Мама приносит супа, садится на кровать и гладит меня по руке.
– Это было бы слишком рано, – говорит она, – слишком рано. Врачей иногда заносит. Выйдешь, когда придет время.
Когда придет время, задумываюсь я после ее ухода. Что это значит? Когда оно придет, время Одри? Пока мне рисуется очень медленный маятник. Его клонит то в одну сторону, то в другую. Но часы не тикают. Я не продвигаюсь вперед.
Прошло три дня, тьма рассеялась, я встала с кровати и затеяла спор с Фрэнком.
– Это были мои подушечки «Шреддис», я всегда их ем. И тебе это известно.
– Не всегда, – чтобы позлить его, возражаю я. – Иногда ты ешь блинчики.

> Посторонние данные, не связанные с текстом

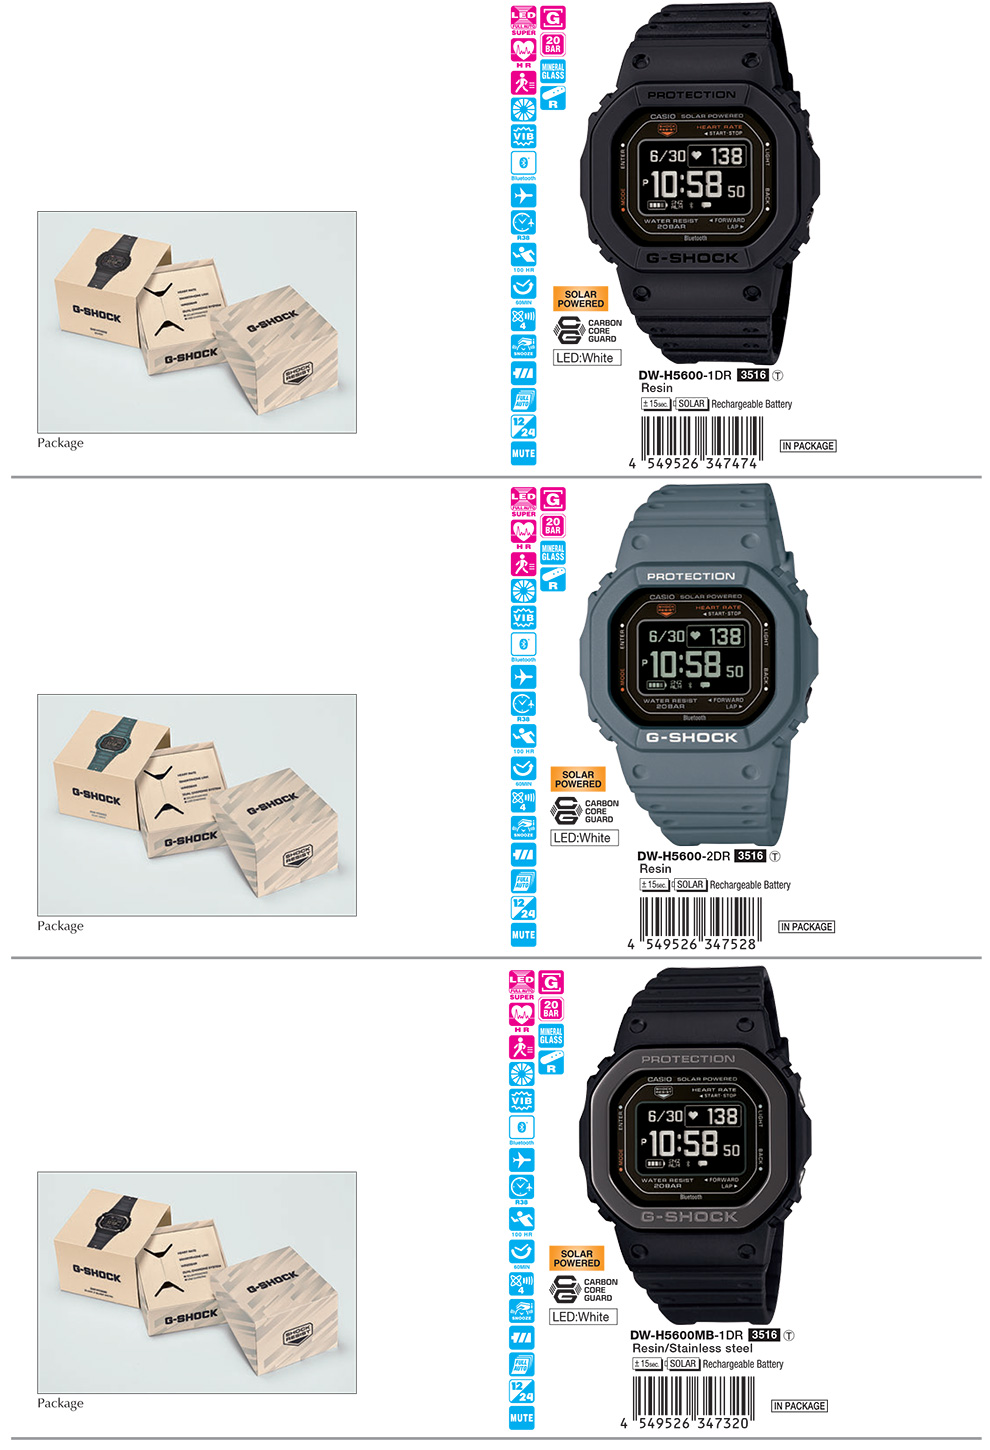 G-SHOCK, G-SQUAD, octagonal, heart rate monitor, Smartphone, multi-sport, Apps, USB charger, solar, DW-H5600EX-1, DW-H5600MB-1, DW-H5600MB-2, DW-H5600-1, DW-H5600-2

Фрэнк смотрит на меня с таким видом, словно в любой момент может вспыхнуть.
– Блинчики я ем, когда мама их готовит. А в остальное время я ем «Шреддис». Каждое утро уже лет эдак пять. Даже десять. А ты только что прикончила упаковку.
– Возьми мюсли.
– Мюсли? – Брат в таком отвращении, что я едва не хихикаю. – Типа изюм и прочее дерьмо?
– Они полезные.
– Тебе «Шреддис» даже не нравятся, – винит он меня. – Признайся! Ты взяла лишь для того, чтобы меня выбесить!
– Да нормальные, – отвечаю я, пожав плечами. – Хотя не такие вкусные, как мюсли.
– Сдаюсь. – Фрэнк опускает голову на руки. – Ты нарочно портишь мне жизнь. – И бросает на меня злобный взгляд. – Мне больше нравилось, когда ты в постели лежала.
– А мне больше нравится, когда ты подсоединен к компу, – бросаю я в ответ. – Когда тебя видно не было, ты доставлял куда меньше проблем.
– Фрэнк! – Мама врывается в кухню, держа Феликса наперевес. При виде лежащего на столе Фрэнка она пугается. – Милый, ты в порядке?
– «Шреддис»! – орет Феликс, посмотрев в мою тарелку. – Хочу «Шреддис»! Пожалуйста, – сладким голоском добавляет он, выскальзывая из маминых рук. – Можно, пожалуйста.
– Держи. – Я отдаю Феликсу тарелку. – Надо было лишь попросить вежливо, – сообщаю я Фрэнку. – Поучись у брата.
Он не шевелится. Мама подходит, трясет его.
– Фрэнк! Милый! Ты меня слышишь?
– Ничего не случилось. – Он наконец поднимает голову. Лицо у него бледное, сероватое. – Просто устал.
Вот теперь я замечаю у него темные круги под глазами.
– Я, наверное, слишком много напрягаюсь, – слабым голосом говорит он. – И домашняя работа, и все остальное.
– Ты нормально высыпаешься? – Мама взволнованно смотрит на него. – Подросткам надо спать. По четырнадцать часов.
– Четырнадцать? – Мы оба изумленно таращимся на нее.
– Мам, даже в коматозе люди не спят по четырнадцать часов в сутки, – возражает брат.
– Ну, значит, десять, – поправляется она. – Сколько-то там. Я посмотрю. Ты витамины принимаешь?
Она начинает вытаскивать из шкафчика разные пузырьки. Подростковые, детские, женские, для костей… хотя это шутка, конечно. Никто их не пьет.
– Вот. – Она вываливает около десяти капсул Фрэнку и еще одну пригоршню мне. – Феликс, милый, скушай магния.
– Не хочу гния! – вопит он и прячется под стол. – Никакого гния! – После чего зажимает рот руками.
– Ох, боже мой. – Мама сама выпивает этот магний и брызгает на себя каким-то «улучшителем кожи», который стоит в шкафу уже три года, это я точно знаю.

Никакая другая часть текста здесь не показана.